The moon is shining from afar over the mountains and winter clouds drive by in droves. I have been standing at the window awhile and watching the tumult in the heavens. Dear Goethe! Good Goethe! I am all alone; it has taken me out of myself again and up to thee. I must nurse this love between us like a new-born babe. Beautiful butterflies balance themselves on the flowers I have planted about his cradle, golden fables adorn his dreams; I jest and play with him, and employ all my cunning to gain his favor. But thou dost master it without effort by the splendid harmony of thy spirit; with thee there is no need of tender outbursts, of protestations. While I look after each moment of the present, the power of blessing emanates from thee that transcends all reason and all the universe. * * *
Last night I dreamed of thee! What could have been more beautiful? Thou wast serious and very busy and didst ask me not to disturb thee. That made me sad and then thou didst press my hand tenderly to my bosom and didst say, “Be quiet; I know thee and understand all.” Then I awoke, and thy ring, which I had pressed to myself in my sleep, had left its imprint on my bosom. I pressed it more firmly against the same spot, since I could not embrace thee. Is there nothing, then, in a dream? To me it is everything, and I will gladly give up the activities of the day if I can be with thee and speak with thee at night. Oh, be thou my happiness in my dreams!
Munich, November 9, 1809.
* * * This is my vow: I will gather flowers for thee and bright garlands shall adorn thy entrance; should thy foot stumble, it will be over the wreaths which I have laid on thy threshold, and shouldst thou dream, it is the balsam of magic blossoms that intoxicates thee—flowers of a strange and distant world where I am at home and not a stranger as in this book[12] where a ravenous tiger devours the delicate image of spiritual love. I do not understand this cruel riddle; I cannot comprehend why they all make themselves unhappy and why they all serve a malicious demon with a thorny sceptre, why Charlotte, who strews incense before him daily, yes, hourly, should prepare misfortune for them all with mathematical precision! Is not love free? Are those two not affinities? Why should she prevent them from living this innocent life with and near each other? They are twins; twined round each other they ripen on to their birth into the light, and she would separate these seedlings because she cannot believe in innocence, which she inoculates with the monstrous sin of prejudice! O what a fatal precaution!
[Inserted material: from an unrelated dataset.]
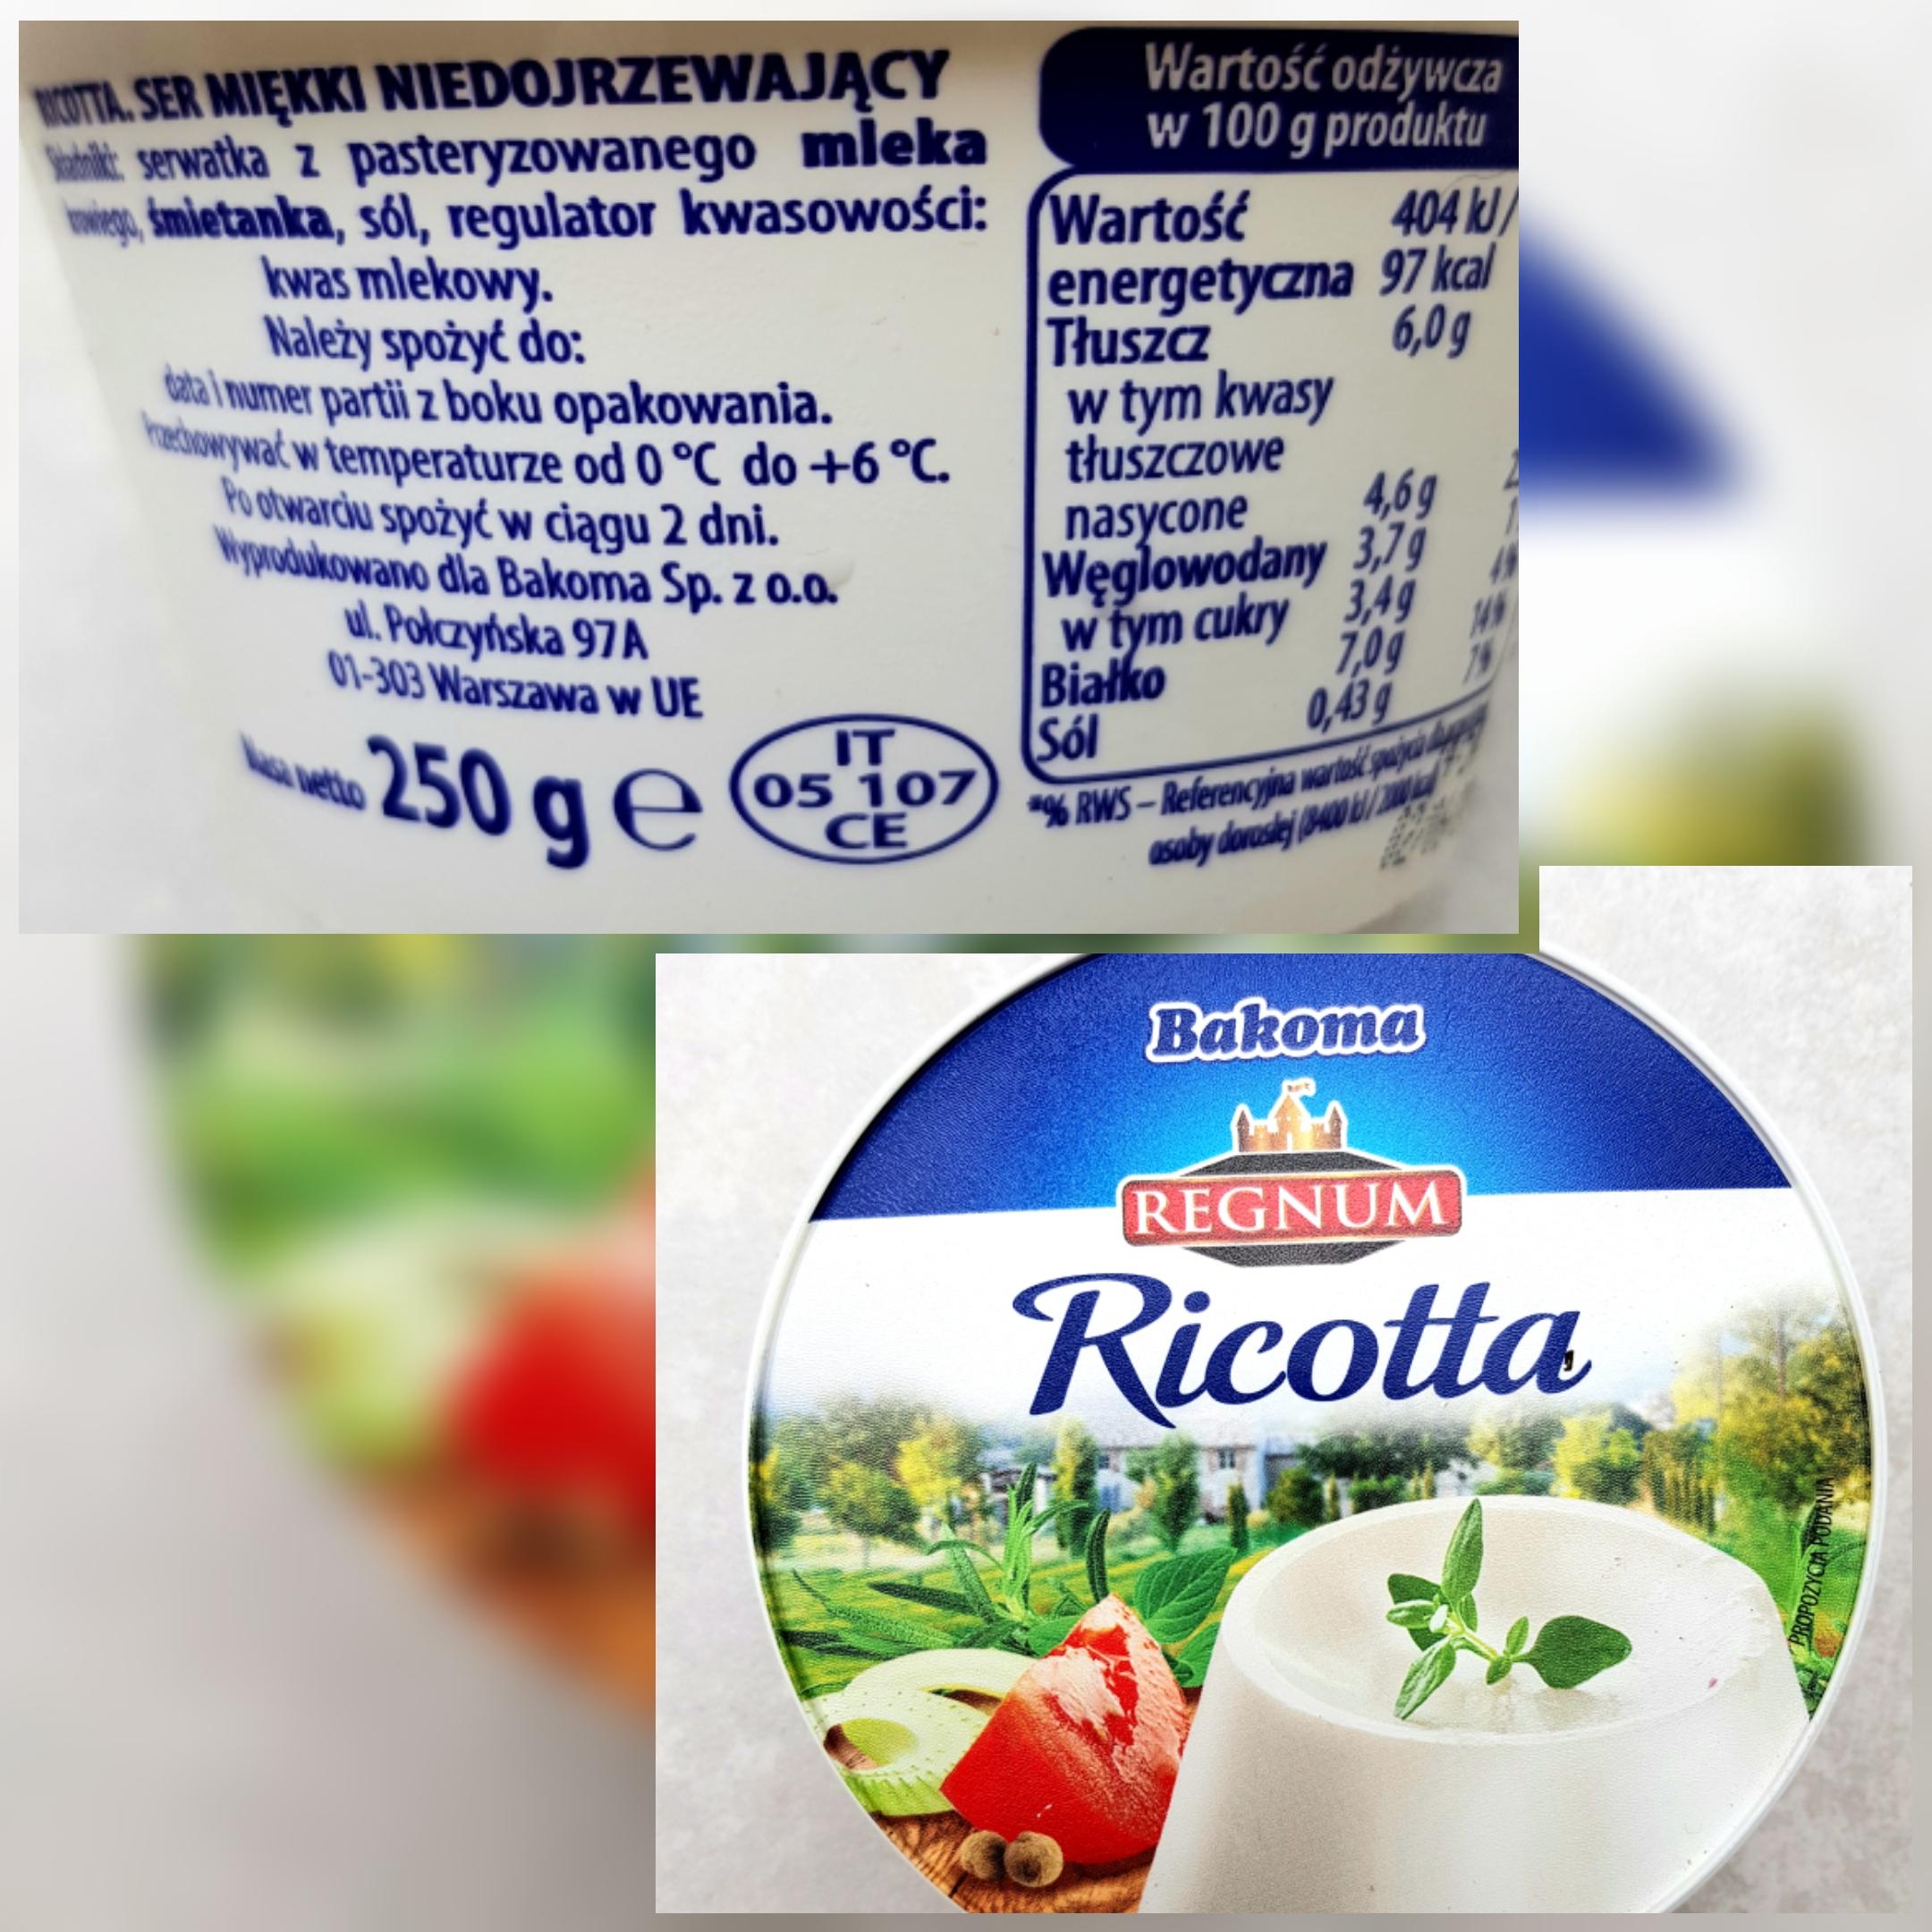 Bakoma Regnum Ricotta - wartości odżywcze i skład.

Let me tell you: No one seems to comprehend ideal love; they all believe in sensual love, and consequently they neither experience nor bestow any happiness that springs from that higher emotion or might be fully realized through it. Whatever may fall to my lot, let it be through this ideal love that tears down all barriers to new worlds of art, divination, and poetry. Naturally it can live only in a noble element just as it feels at home only in a lofty mind.